Thank you for your time!
KM
When you lock the application scope (either name or a "scope" lock) you are essentially "serializing" the application variables. So that in itself is a problem.... app vars should be locked and written once and then read at will (preferrably and safely without locks since they are not changing). It might be a red herring anyway. when you lock the app scope and access your locks all the time you naturally end up with things related to it in the log (since so much is happening there).
Here's My best guesses
Check the "coldfusion monitor" and make sure (double, triple, quadrupal) that the "memory profiling" is not enabled. In fact, for your load test make sure that tracking and monitoring is not enabled - and I would even turn off metrics. Your snippet above makes me think that memory tracking is on and you are simply overrunning the server. It happens because the heap has to be constantly introspected for changes - extremely expensive. Memory tracking should only be enabled for a short time when you are baselining.
32 CPUs and 48 sim. requests.... that's a lot of CPU power. If you are using JRUN make sure the Jrun threads are set far enough north of that that Jrun has some control threads to work with.
Check the bin directory for hot spot errors - errors beginning with "hs_errpidXXX.log" (or something similar). If you see them the stack might give you some clues - but typically it's stuff like out of mem errors or 3rd party CFX or native java code that's throwing unhandled exceptions to the hotsport compiler.

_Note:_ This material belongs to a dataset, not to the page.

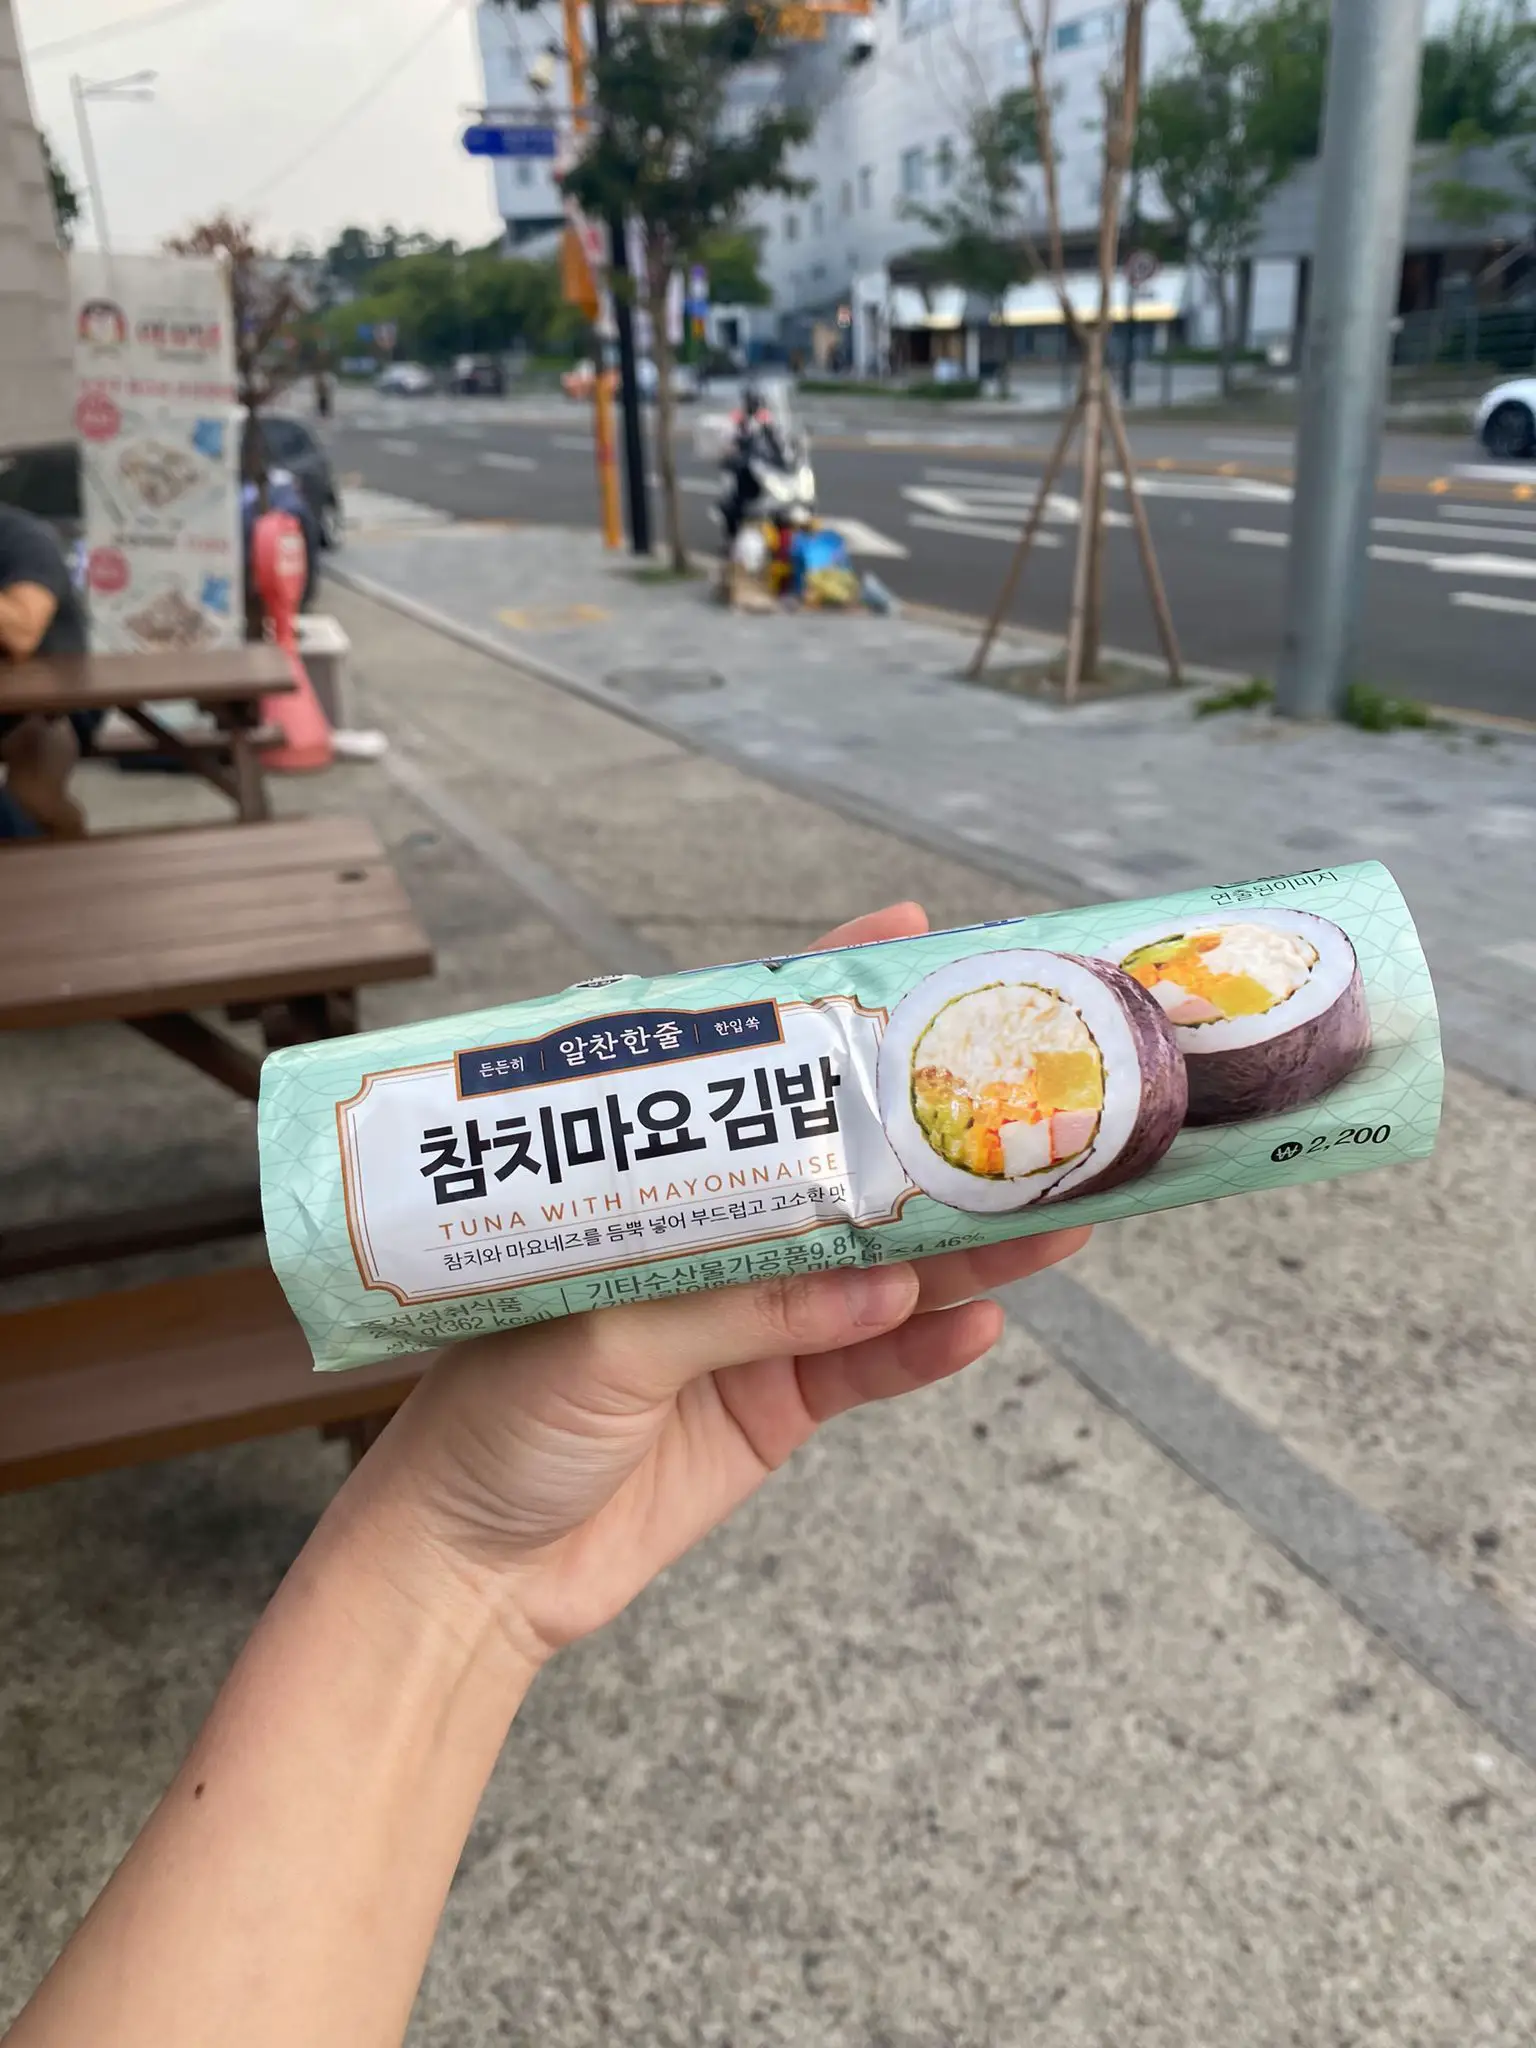 7-ELEVEN IN KOREA 🧃🍫🇰🇷 Korean 7-Eleven
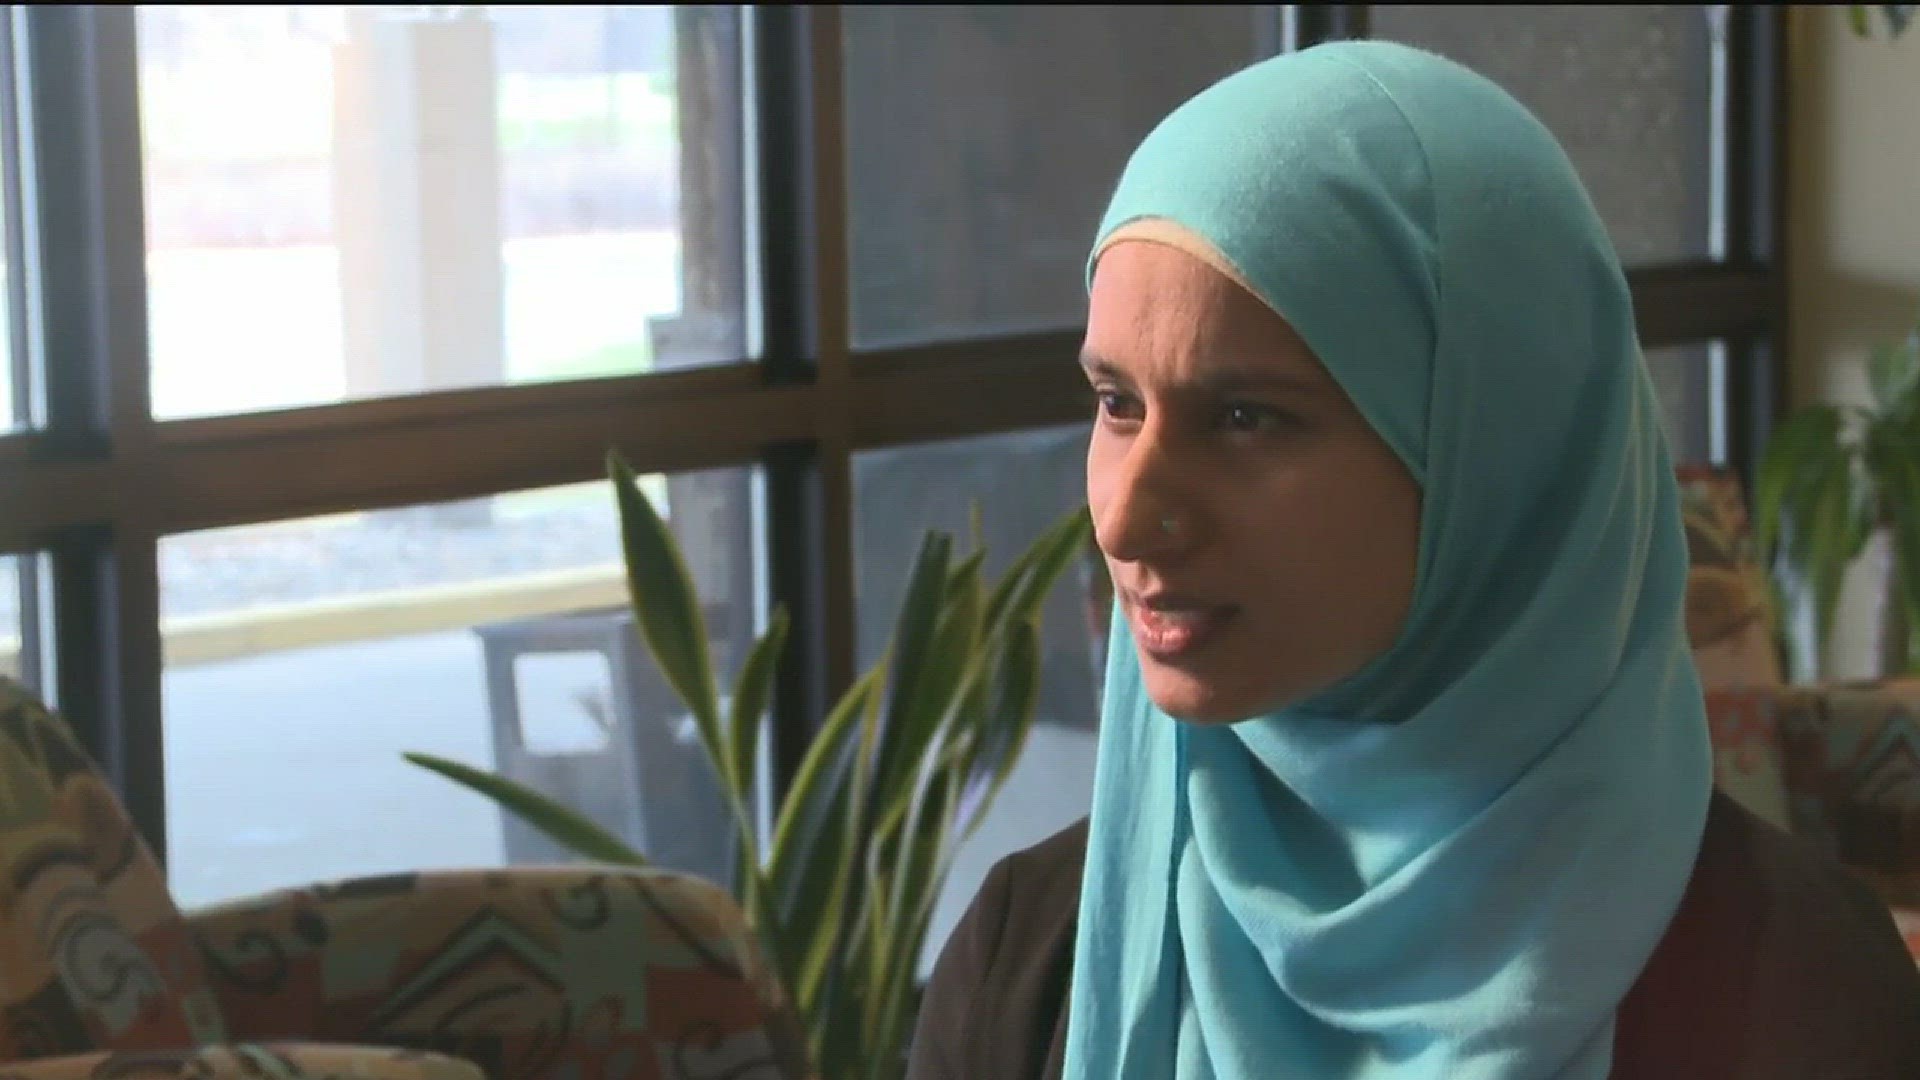 BTN11: RISE empowering Muslim women

Finally, double check your client vars. Sometimes you are using them when you don't "thinK" you are using them. If you are they will be stored in a file on your Solaris server and it will definitely cause a problem under load - especially as the file is appended to or locked during a purge. Check out this post for a bit more info:
http://www.coldfusionmuse.com/index.cfm/2009/10/27/registry.bad.datasource.good
That's all that comes to mind at the moment... if you want me to look at it closer on Monday (on a formal basis) let me know and we can chat about it.
Thank you Mark and Adam for taking the time to look over my question and for your suggestions. This particular issue has been resolved. Evidently, our new server was built off of an old server with "corrupt CF" -- whatever that means. It has been since rebuilt anew, and the performance isn't an issue anymore.
KM